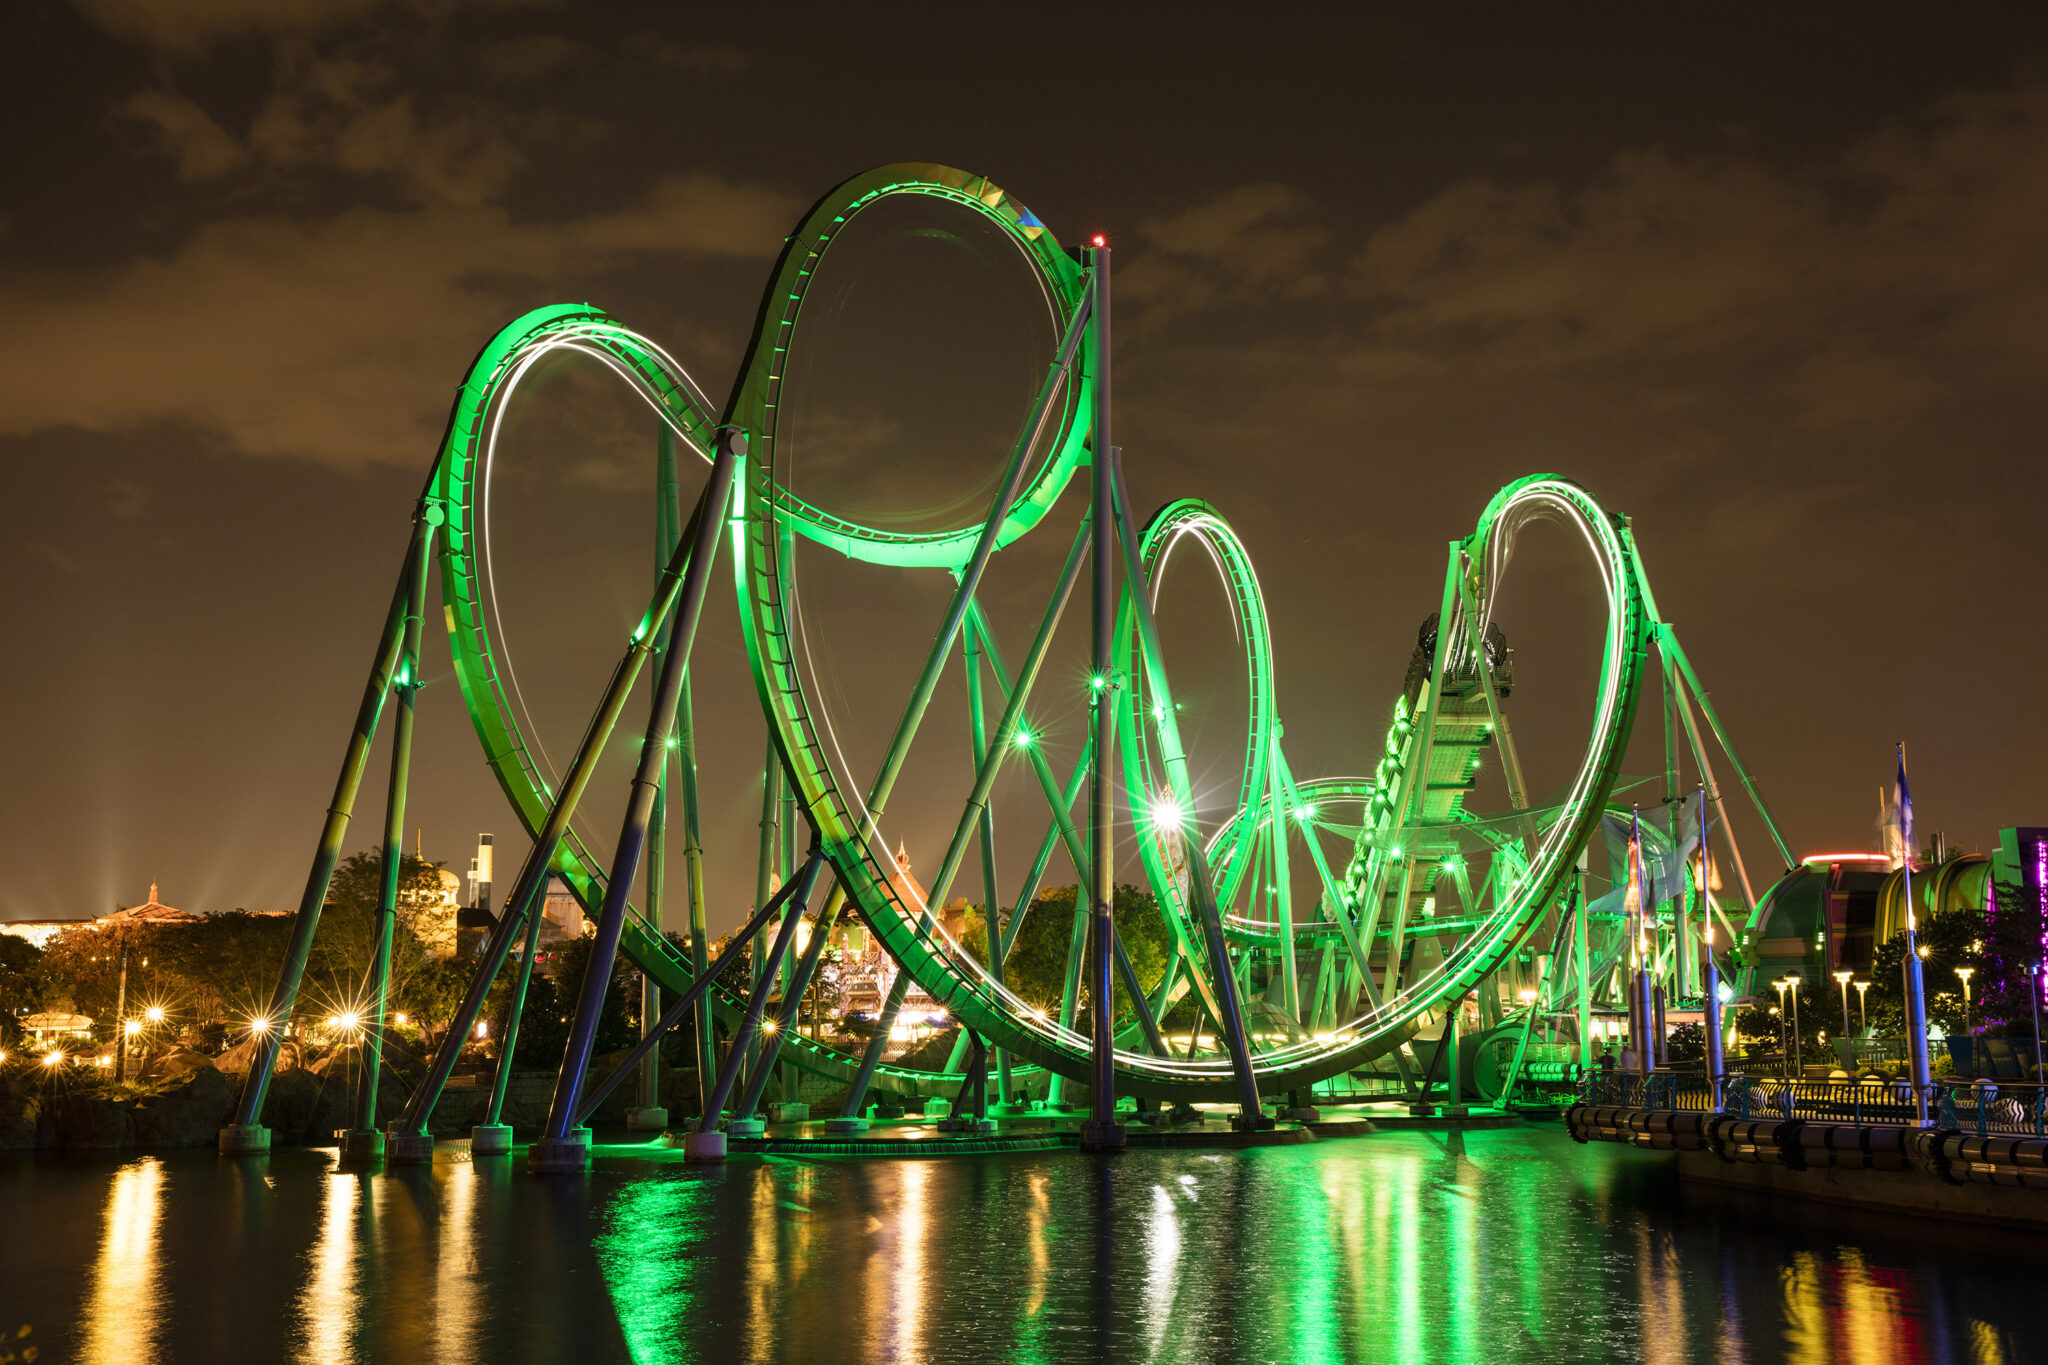 Incredible Hulk Coaster - Universal Orlando Resort
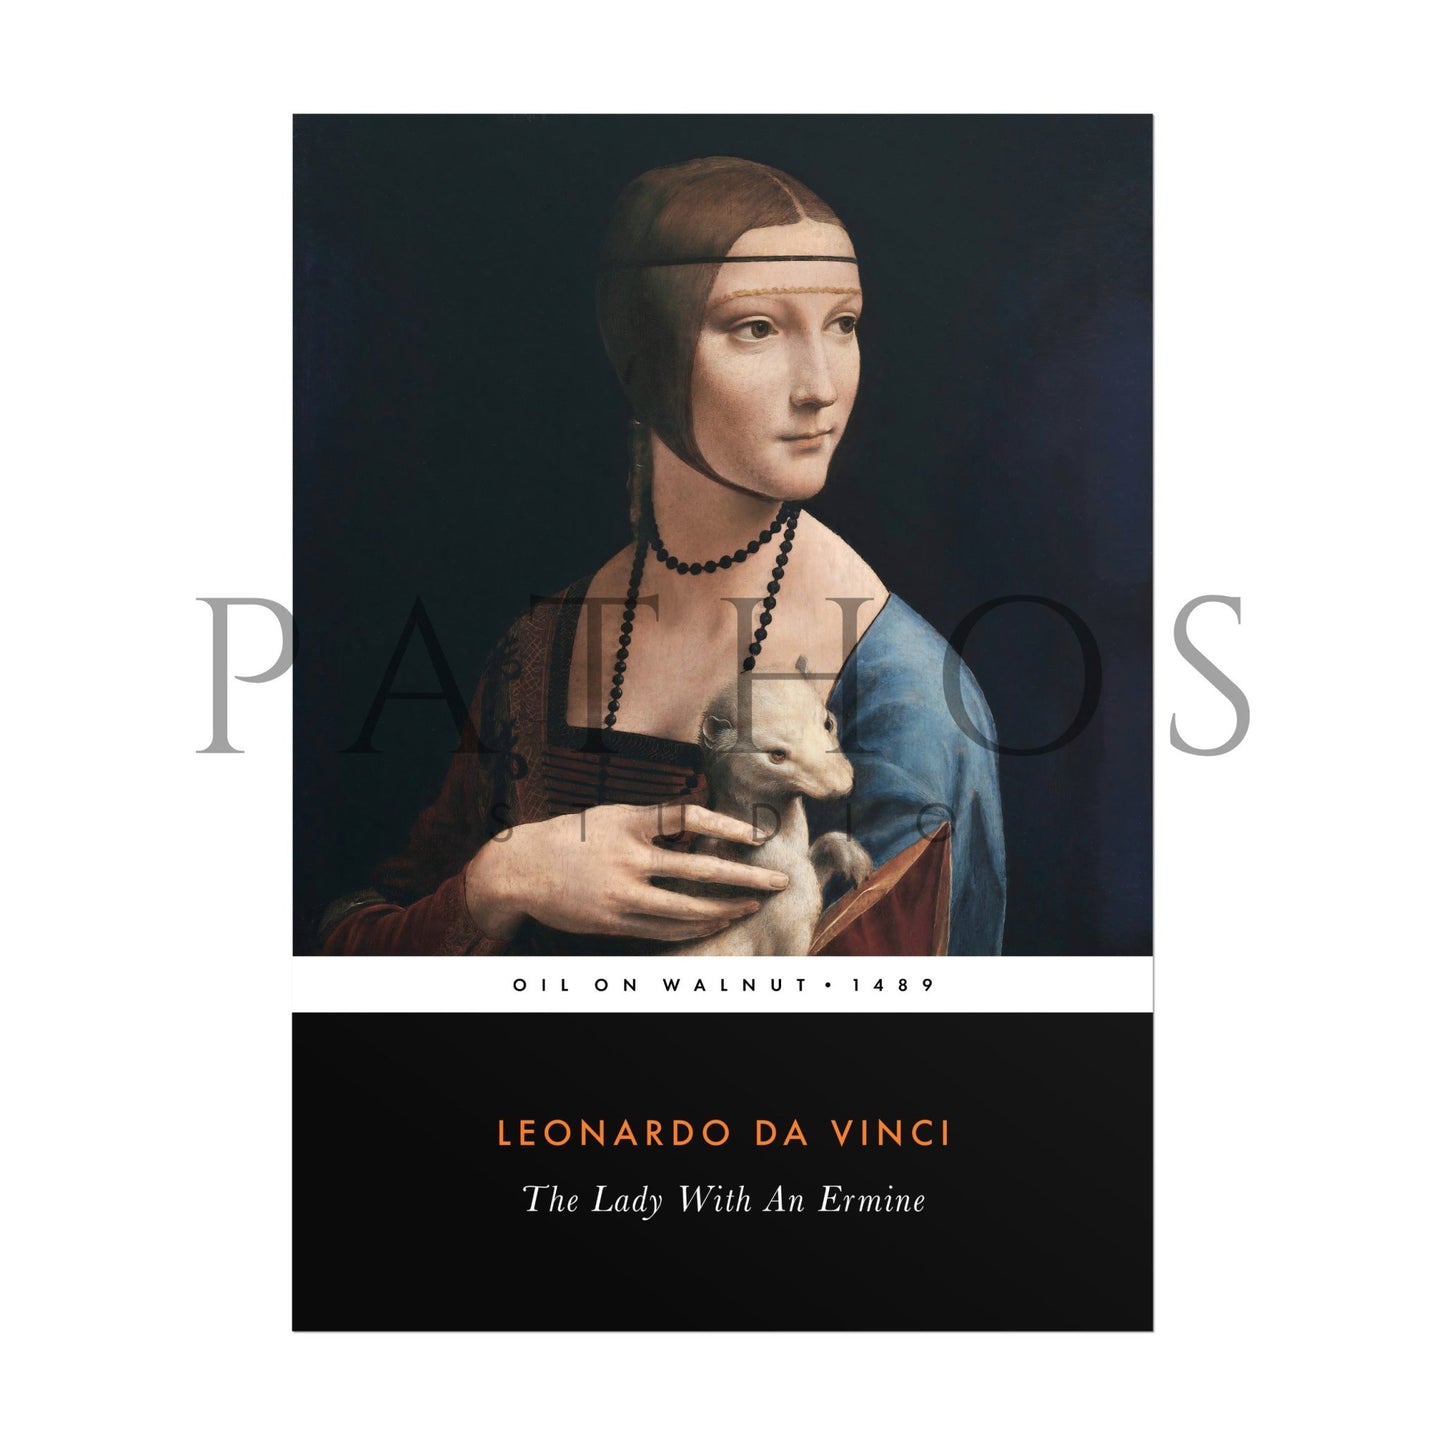 LEONARDO DA VINCI - The Lady With An Ermine (Vintage Classic Style) - Pathos Studio - Art Prints
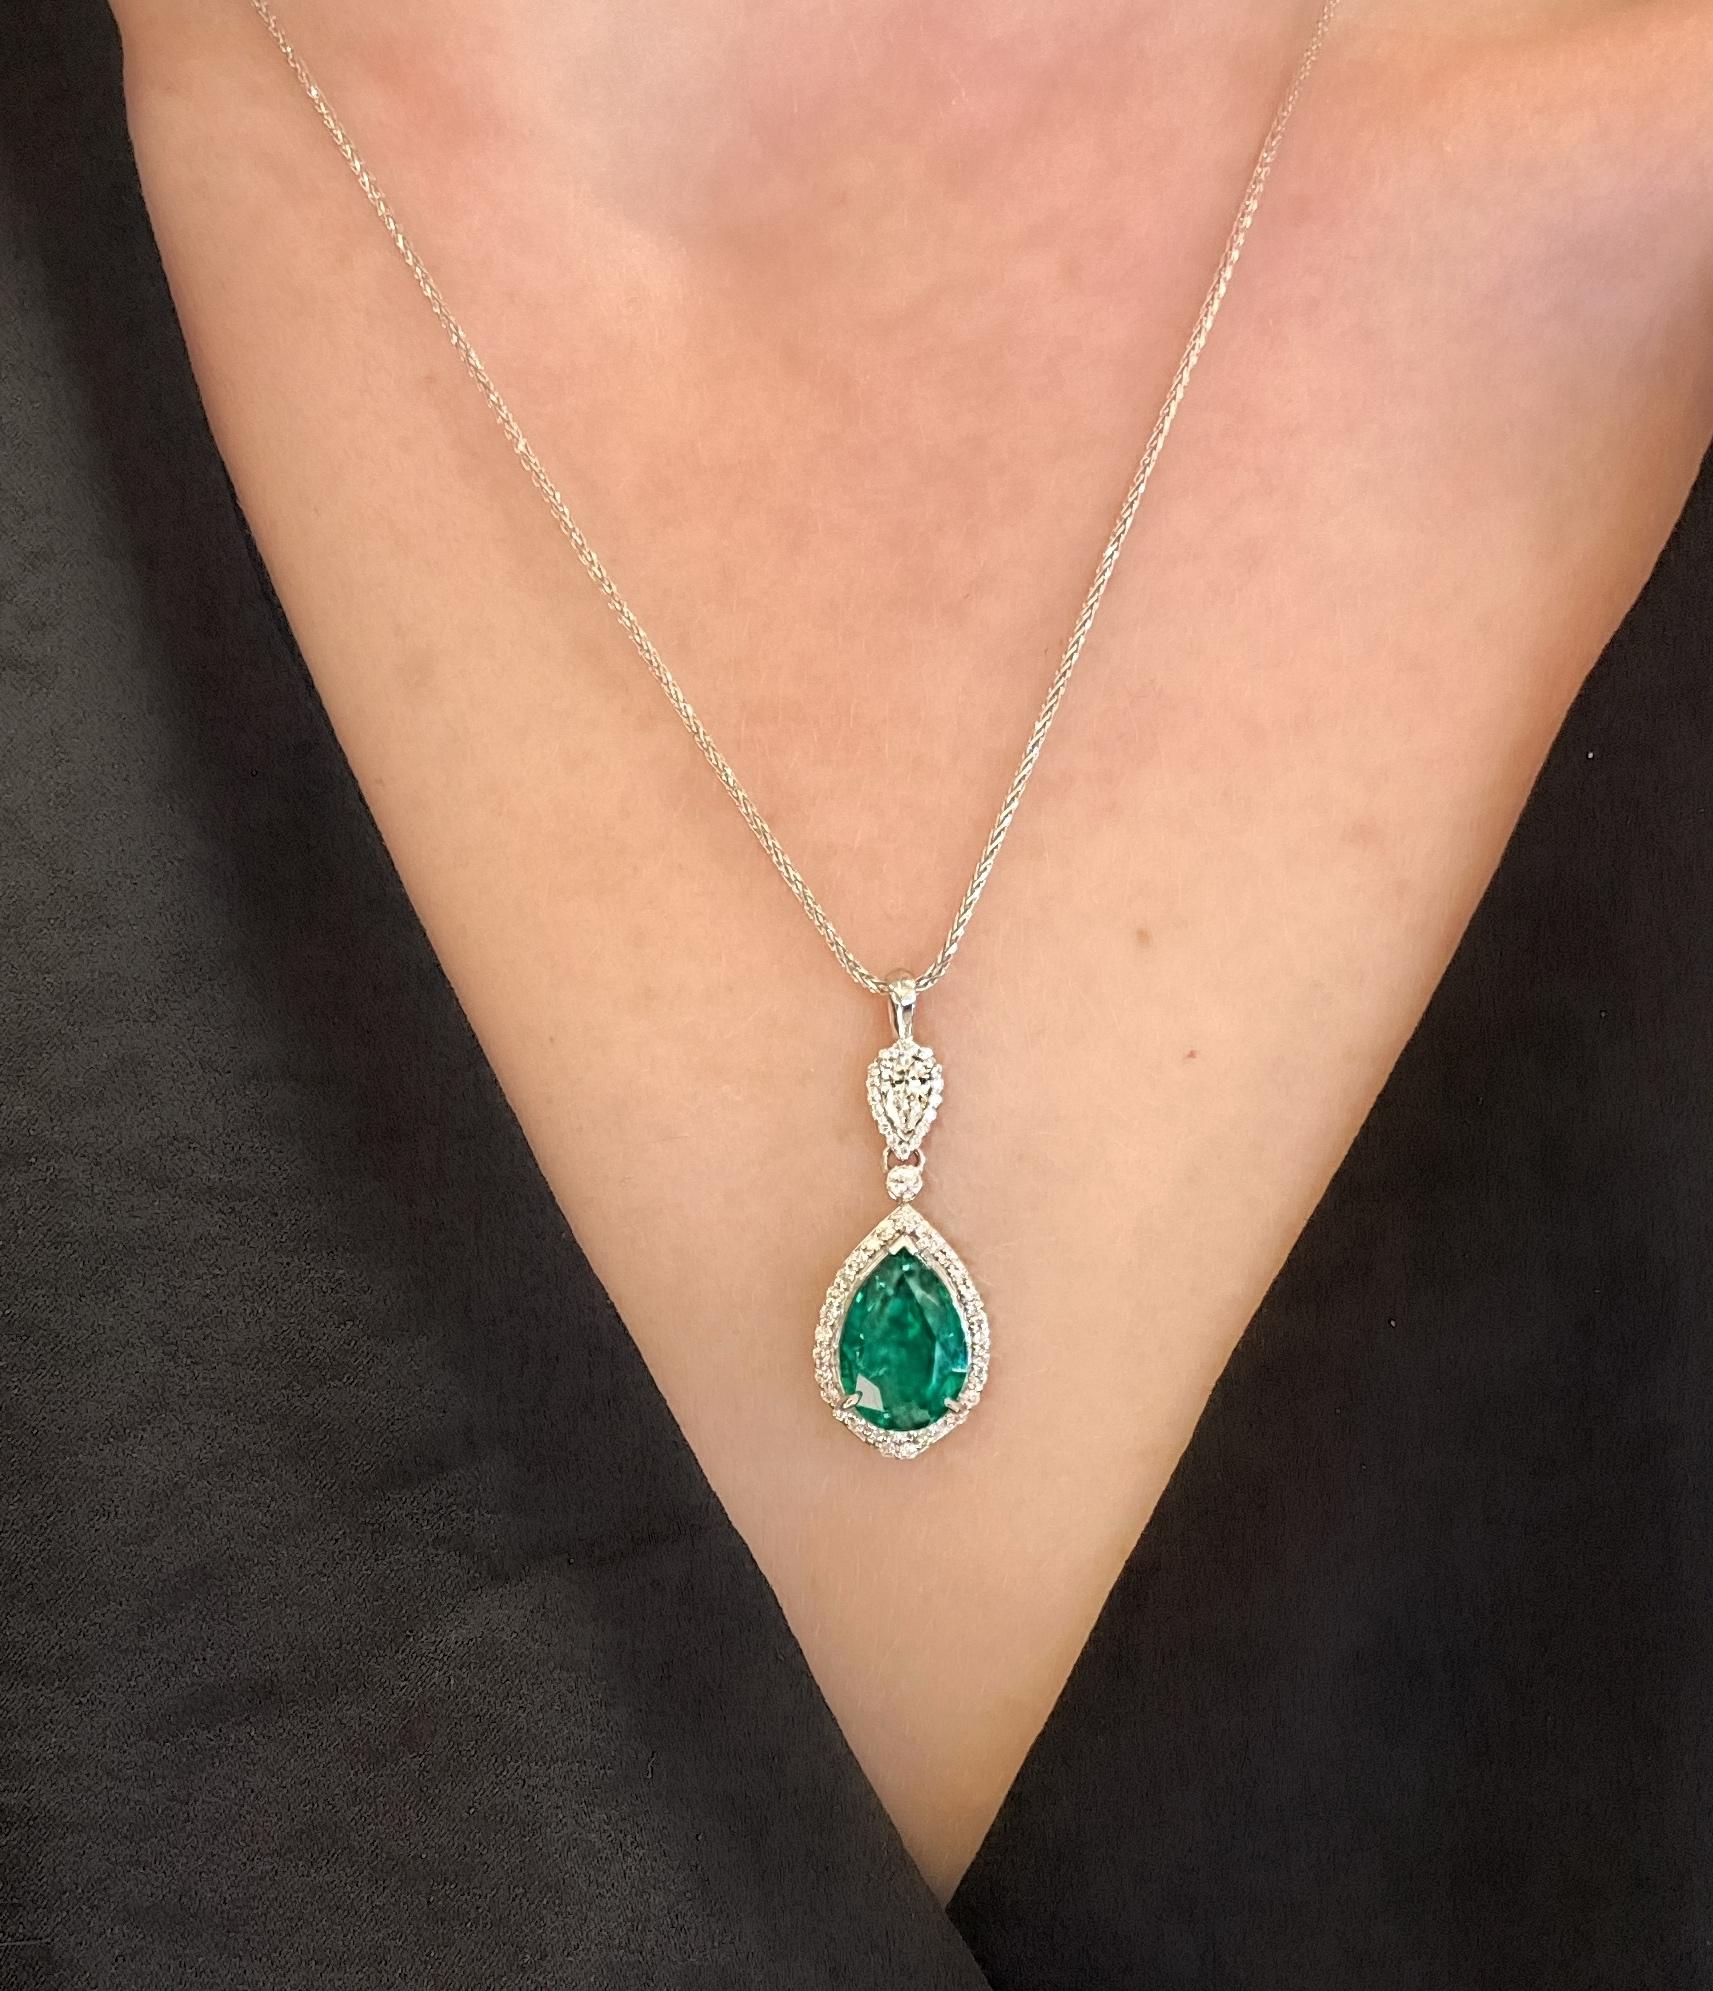 3.71 Carat Pear Shaped Emerald & Diamonds Pendant in 18K White Gold 2
______
**How to complete this task**
Output a faithful copy of the data, with each picture left out.

**Solution**
 Incredible Hulk Coaster - Universal Orlando Resort
 LEONARDO DA VINCI - The Lady With An Ermine (Vintage Classic Style) - Pathos Studio - Art Prints
 3.71 Carat Pear Shaped Emerald & Diamonds Pendant in 18K White Gold 2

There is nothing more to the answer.